7. Rutherford actually wrote the entry on radioactivity for the 1910 Encyclopedia Britannica

Rutherford encyclopedia britannica
11th Edition of the Encyclopedia Brittanica, Source: Wikimlh/Wikimedia Commons

Just after Rutherford was awarded the Nobel Prize for Chemistry, he was approached to contribute to the 11th edition of the Encyclopedia Britannica. Within this edition of the world-renowned reference compendium, Rutherford wrote the entry for radioactivity.

8. He helped invent the now ubiquitous Geiger counter

ernest rutherford geiger counter
An early example of a Geiger counter, circa 1932, Source: Science Museum London/Wikimedia Commons

Yet another interesting fact about Ernest Rutherford is his contribution to the invention of the Geiger counter. He worked with the German physicist Hans Geiger, who the device is named after, to develop an electrical counter for ionized particles. 

Rutherford and Geiger developed a method of detecting alpha particles through gold foil and a screen. When this happened, barely perceptible flashes of light would be emitted, which could be counted -- with enough dedication and patience. 

But the process was laborious, and Geiger managed to devise an automated method of counting each individual "flash". The Geiger counter was born, and it has since become the universal tool for measuring radioactivity. 

The first versions could only detect alpha particles, but later refinements by Geiger's student Walther Müller were sensitive to all types of ionizing radiation.

9. Rutherford was something of a petrolhead in his spare time

ernest rutherford cars
1908 Wolseley-Siddeley 14 HP Tourer, Source: Ferran/Wikimedia Commons

And finally, a lesser-known fact about Ernest Rutherford was his love for cars and golf in his spare time.

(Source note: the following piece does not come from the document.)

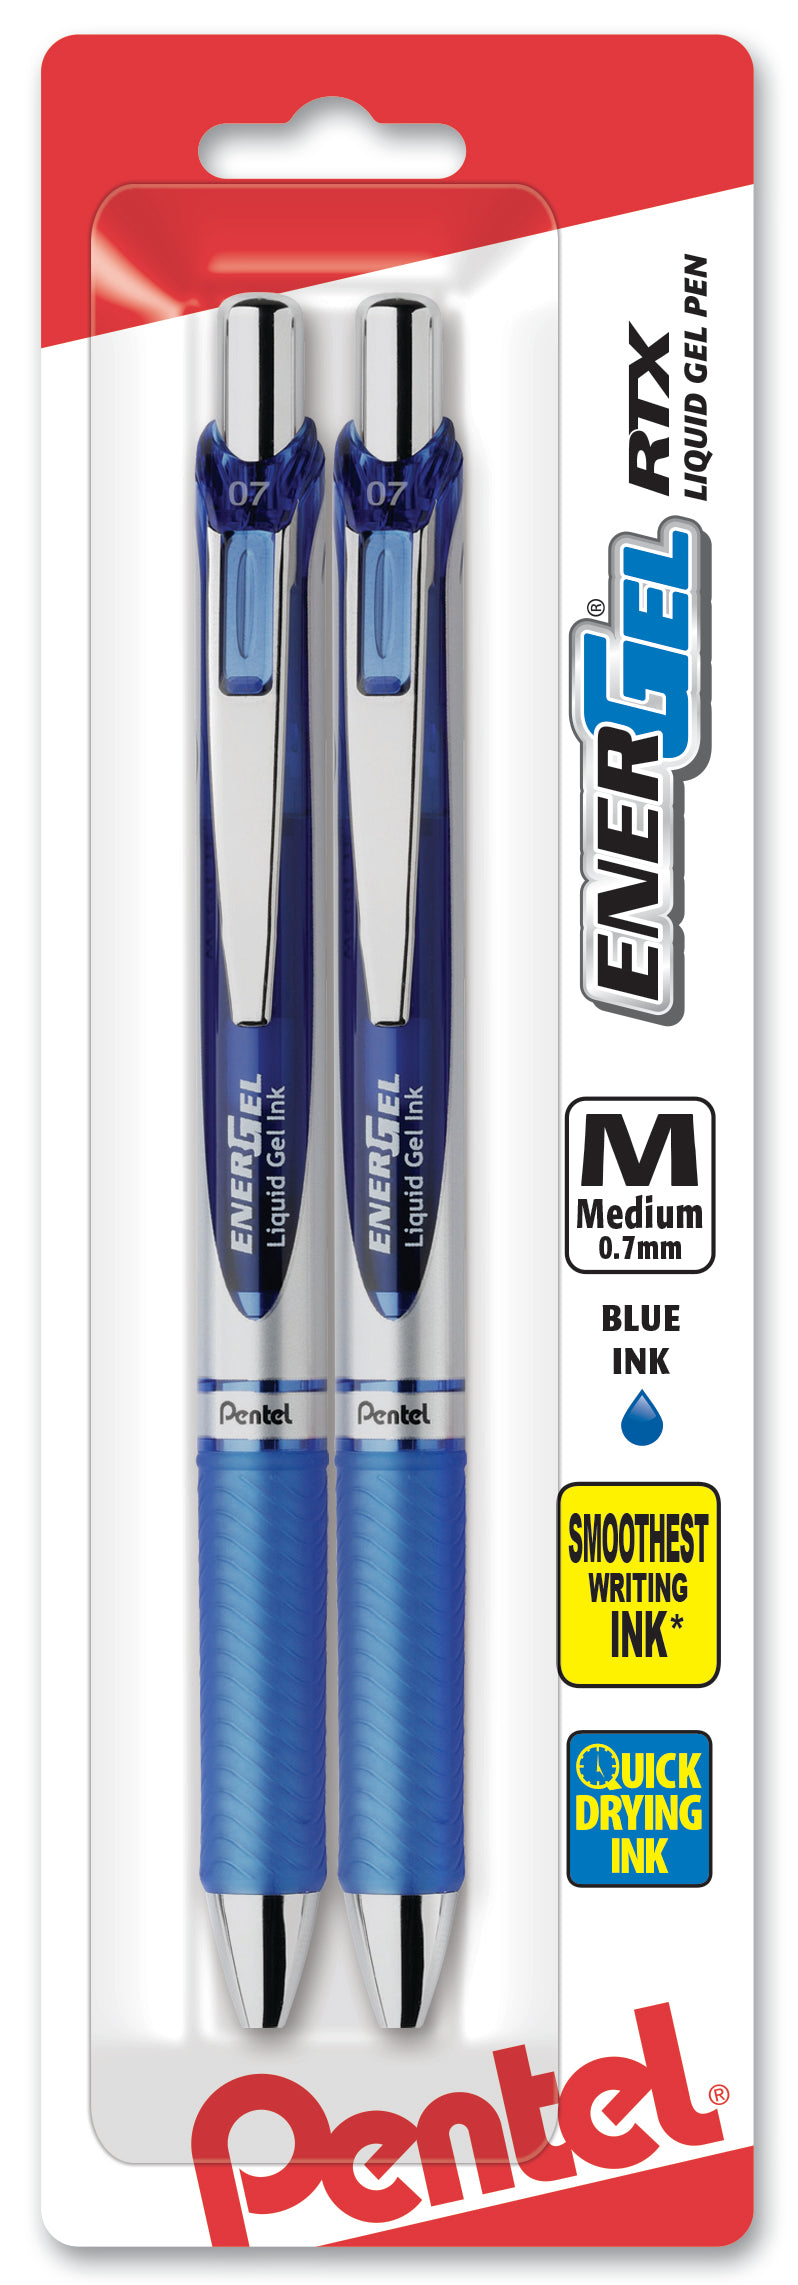 Pentel EnerGel Liquid Gel Ink Pens 0.7 mm - Pack of 5 Black Deluxe RTX Pens  with 3 Refills

He firmly believed in the old adage of "work hard, play hard", and so, in 1910 he bought his very first motor car -- a Wolseley-Siddeley.

While writing to his mother, he expressed the buzz driving cars gave a person:-

“It is very desirable to have some means of getting fresh air rapidly,” he wrote. 

“We can go 35 or 40 [mph] if we want to, but I am not keen on high speeds with motor traps along the road and a ten guinea fine if I am caught,” Rutherford added.